The bulk of family planning in India is in the form of female sterilisation. Another interesting data released by the Census office recently did not draw as much attention as the data on religion did. This was the Clinical, Anthropometric and Biometric survey for nine States, covering 284 districts and sampling 1.6 million people. This survey showed staggering rates of anaemia among all age groups apart from underweight and stunting. While there was no religious community-specific study about the prevalence of anaemia, it was apparent that the phenomenon cut across all economically disadvantaged groups. With the overall slash in budgets, including that of the Women and Child Development Ministry and the Minority Affairs Ministry, and with a stagnant health budget, which is lower than in the percentage terms in Brazil, Russia, China (three other members of the BRIC grouping), health outcomes and fertility outcomes will be slower.

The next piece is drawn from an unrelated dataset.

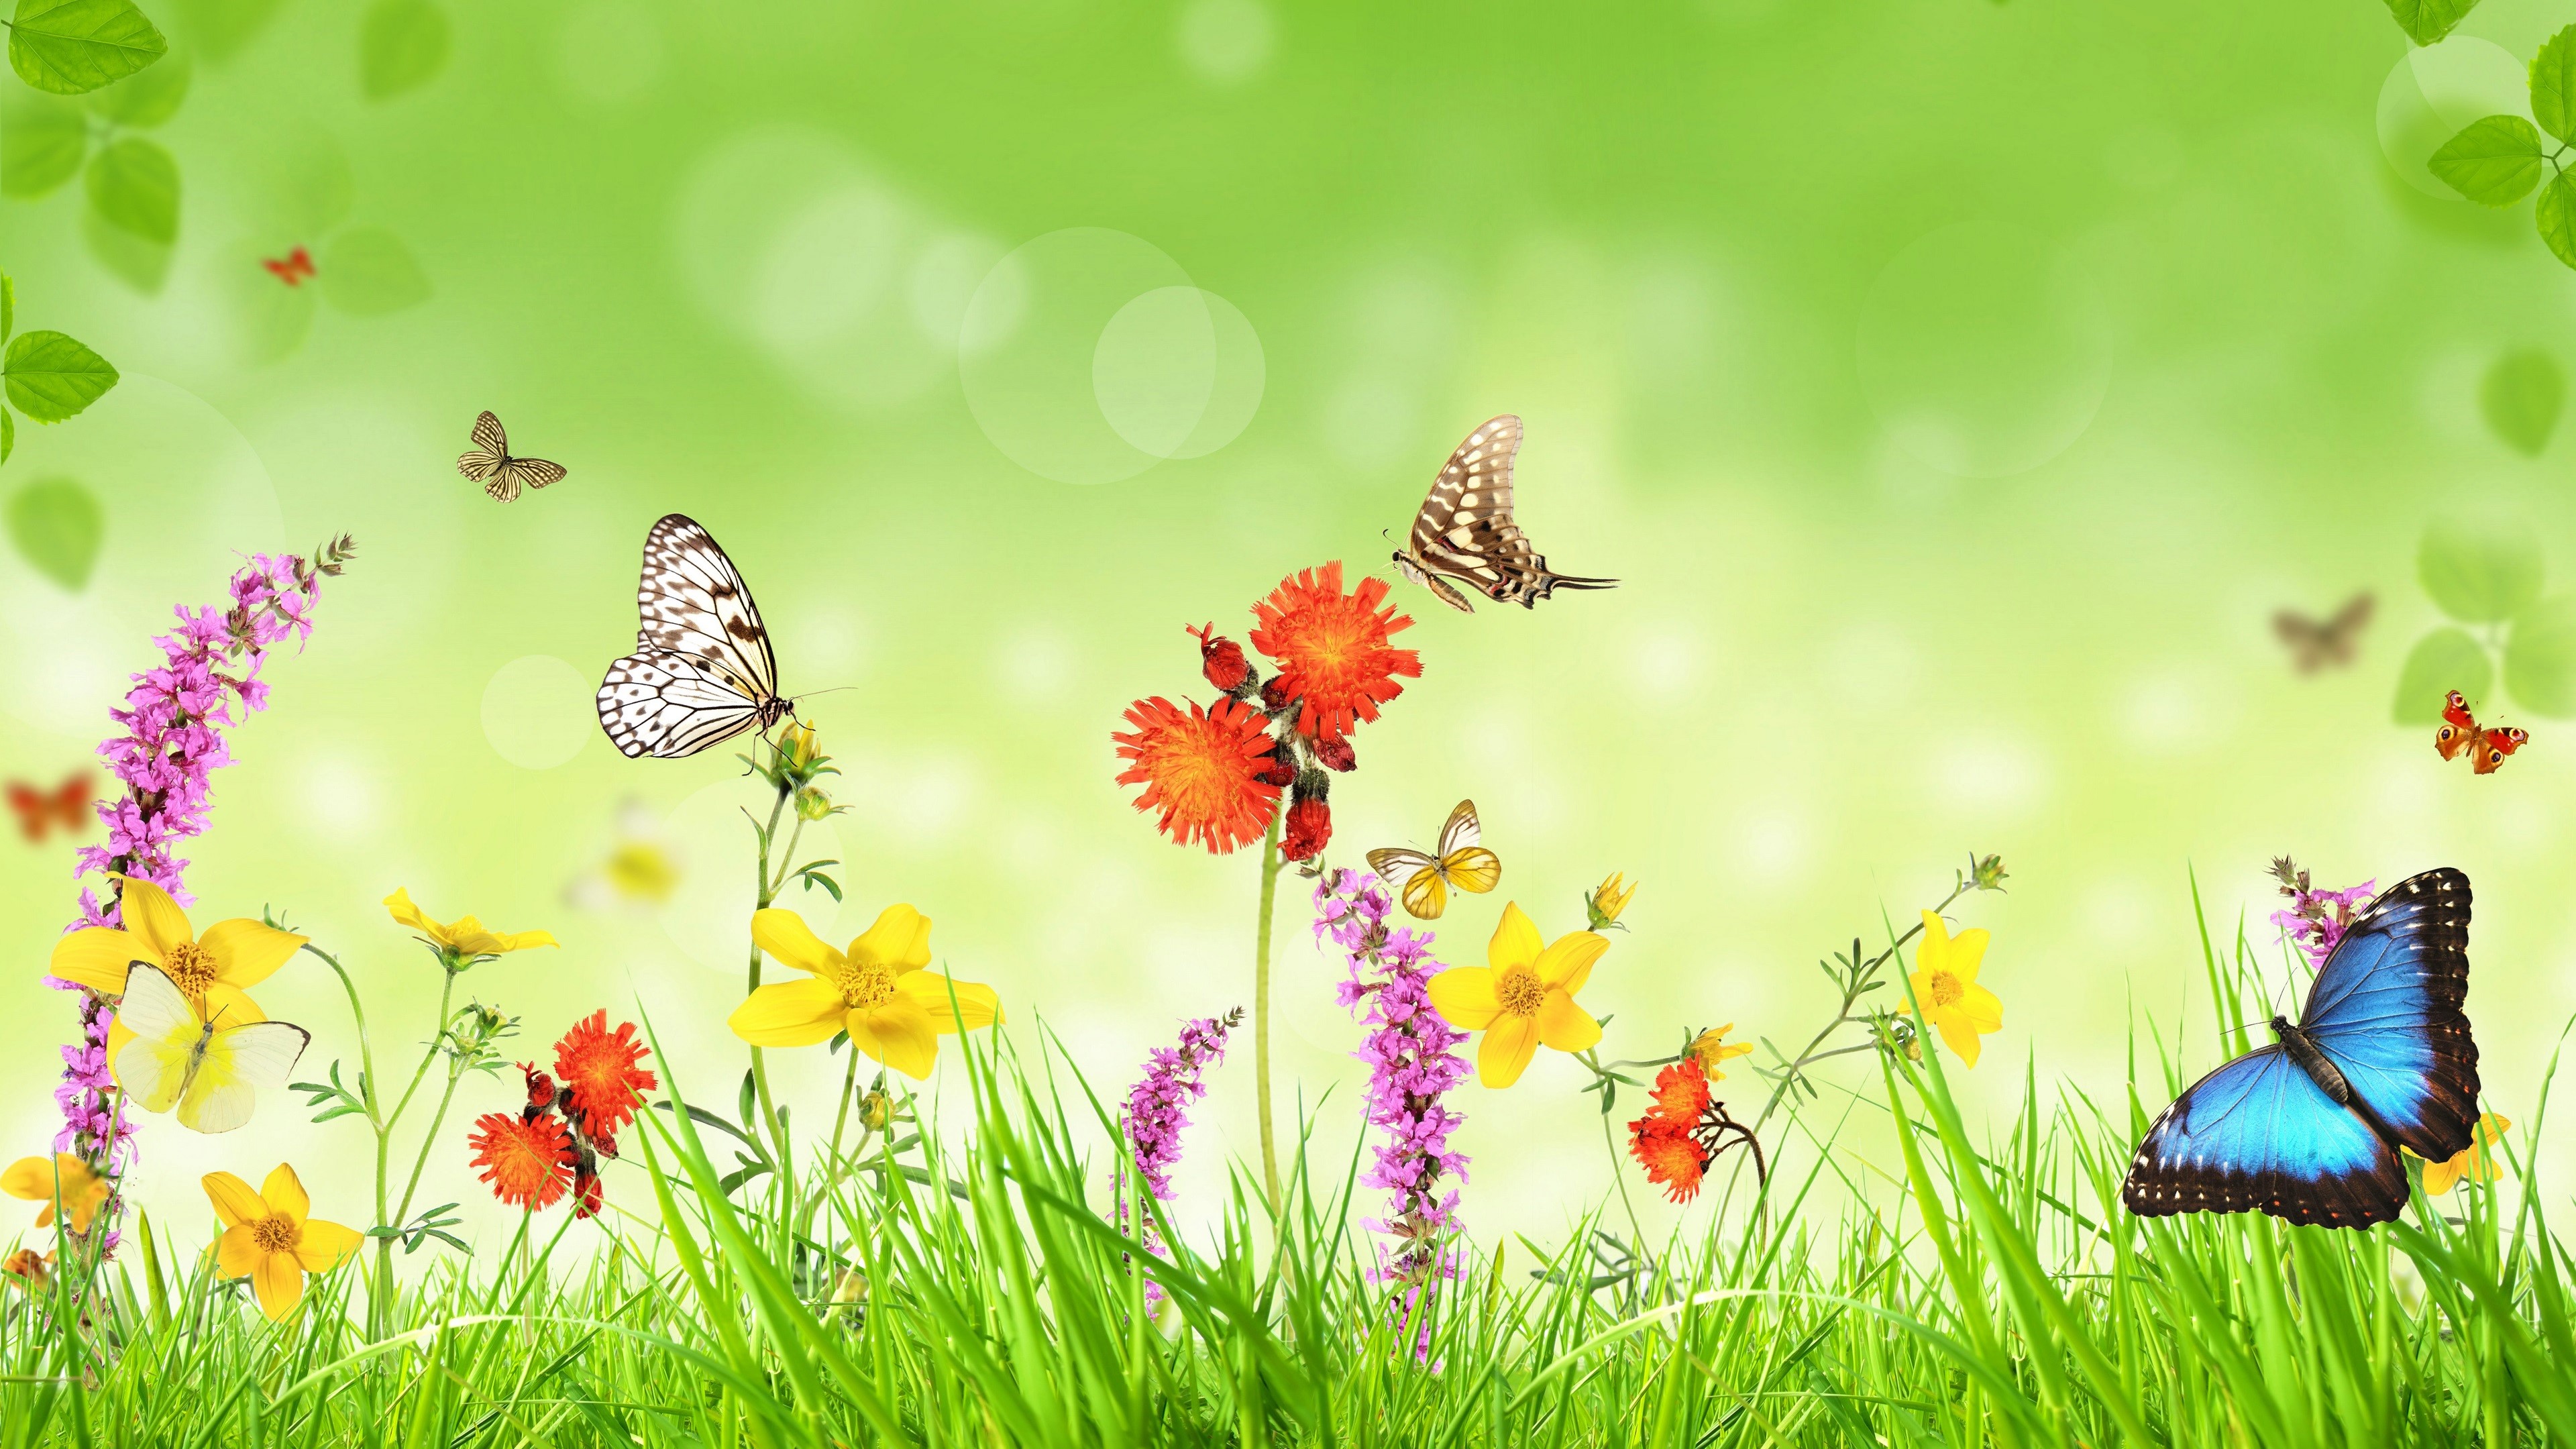 Скачать обои бесплатно Трава, Цветок, Бабочка, Красочный, Весна, Художественные картинка на рабочий стол ПК

Evidently, an objective and nuanced analysis of the Census 2011 data on religious communities will be more informative than the half-baked and imperceptive projections made by the Hindutva combine in their campaigns and the interpretations in sections of the media. But, as was evident in the 2014 Lok Sabha elections, a successful strategy for winning elections is based on the creation and perpetuation of myths and the electoral exploitation of the same. Census 2011 data on religious communities are indeed going through such a process.